Data excerpt:
__________________________________________________
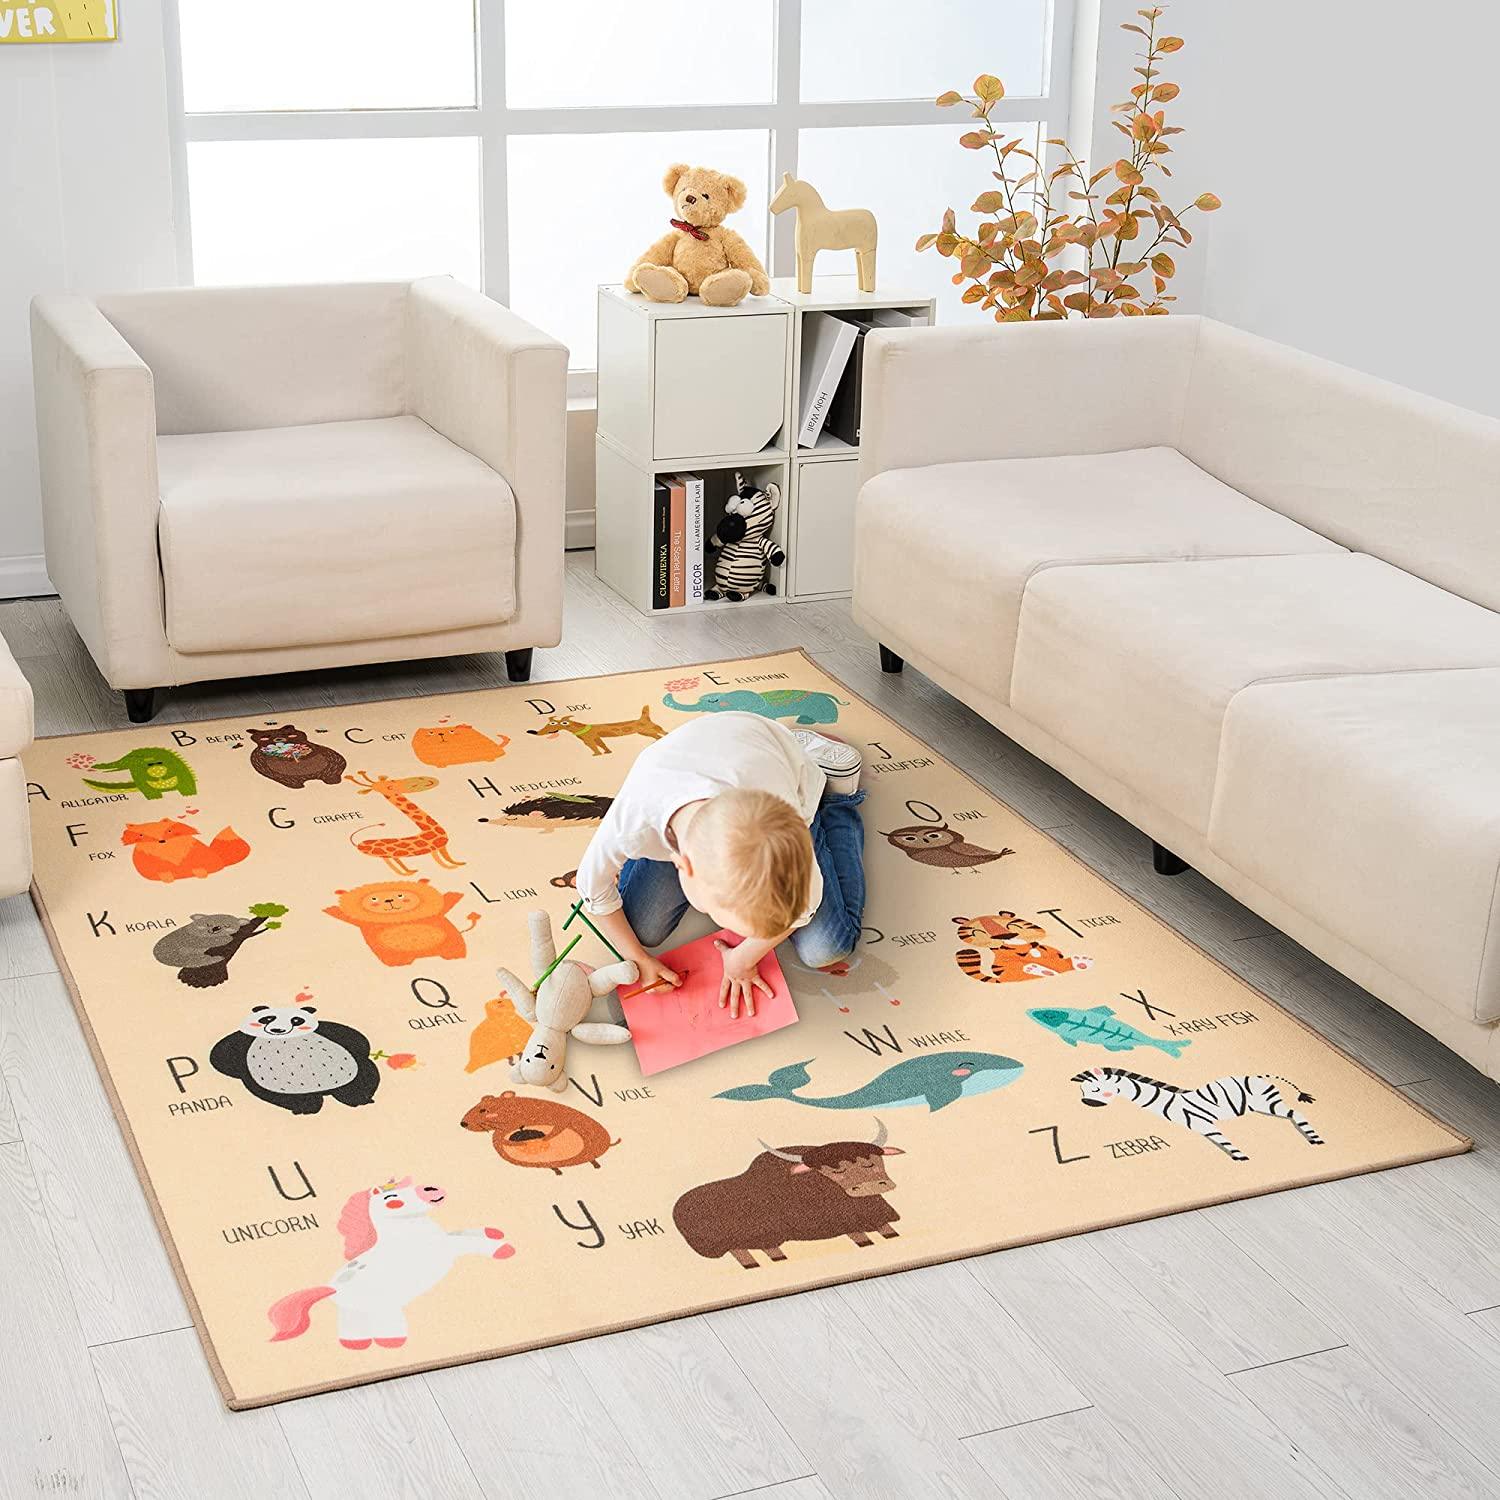 59"x79"Numbers and Animal Educational Classroom Rug for Playroom - BooooomJackson-Kids Rugs Carpet
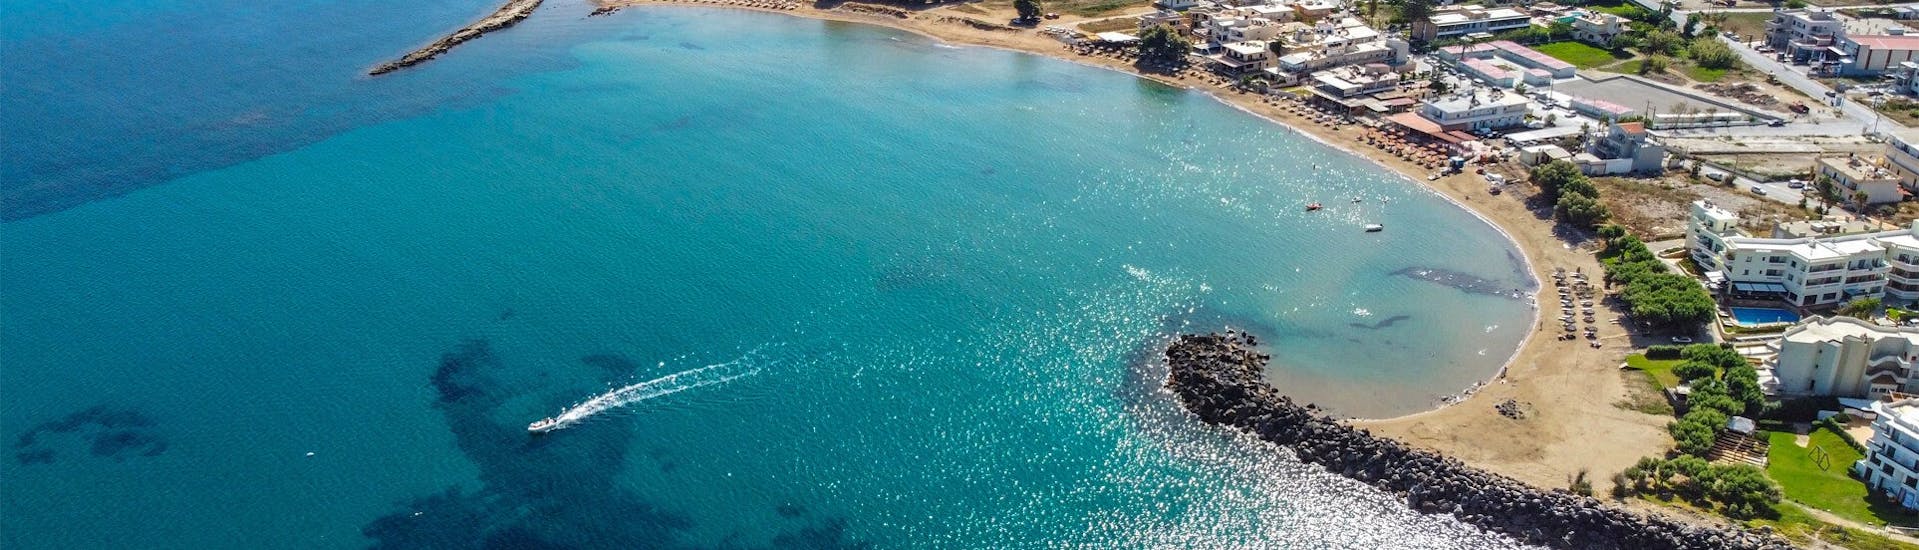 Die Küste von Kissamos und das wunderschöne blaue kretische Wasser während dem Kayak-Verleih in Kissamos.
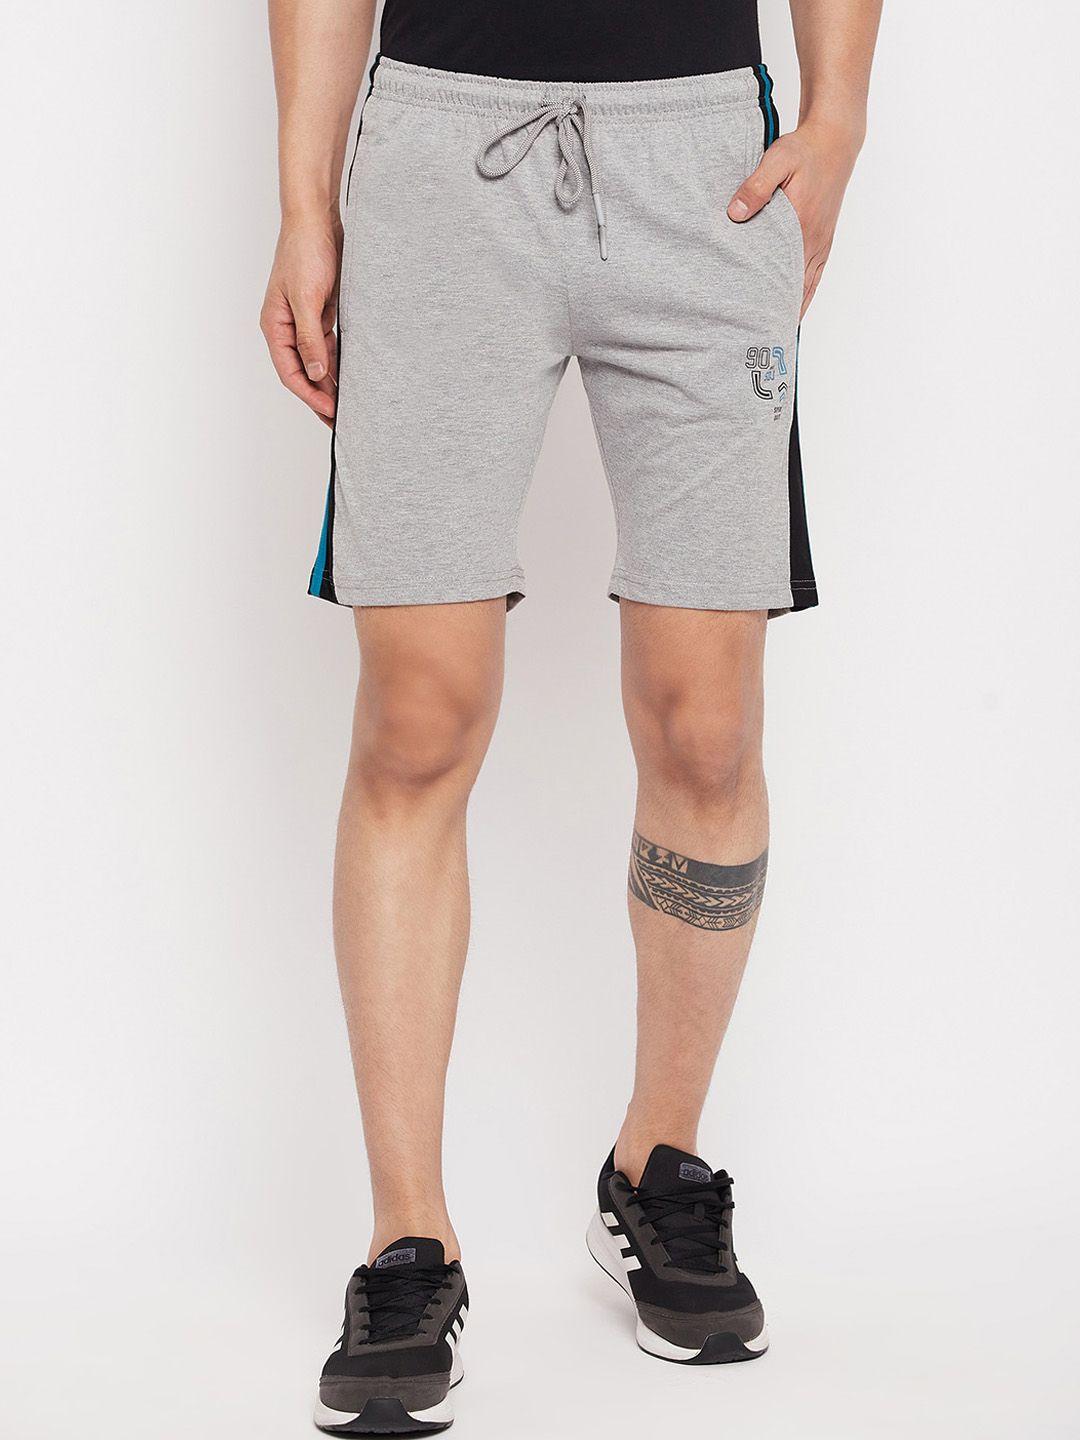 duke-men-mid-rise-cotton-sports-shorts
__________________________________________________
Word for word, quote the full listing, omitting every picture.

Response:
 59"x79"Numbers and Animal Educational Classroom Rug for Playroom - BooooomJackson-Kids Rugs Carpet
 Die Küste von Kissamos und das wunderschöne blaue kretische Wasser während dem Kayak-Verleih in Kissamos.
 duke-men-mid-rise-cotton-sports-shorts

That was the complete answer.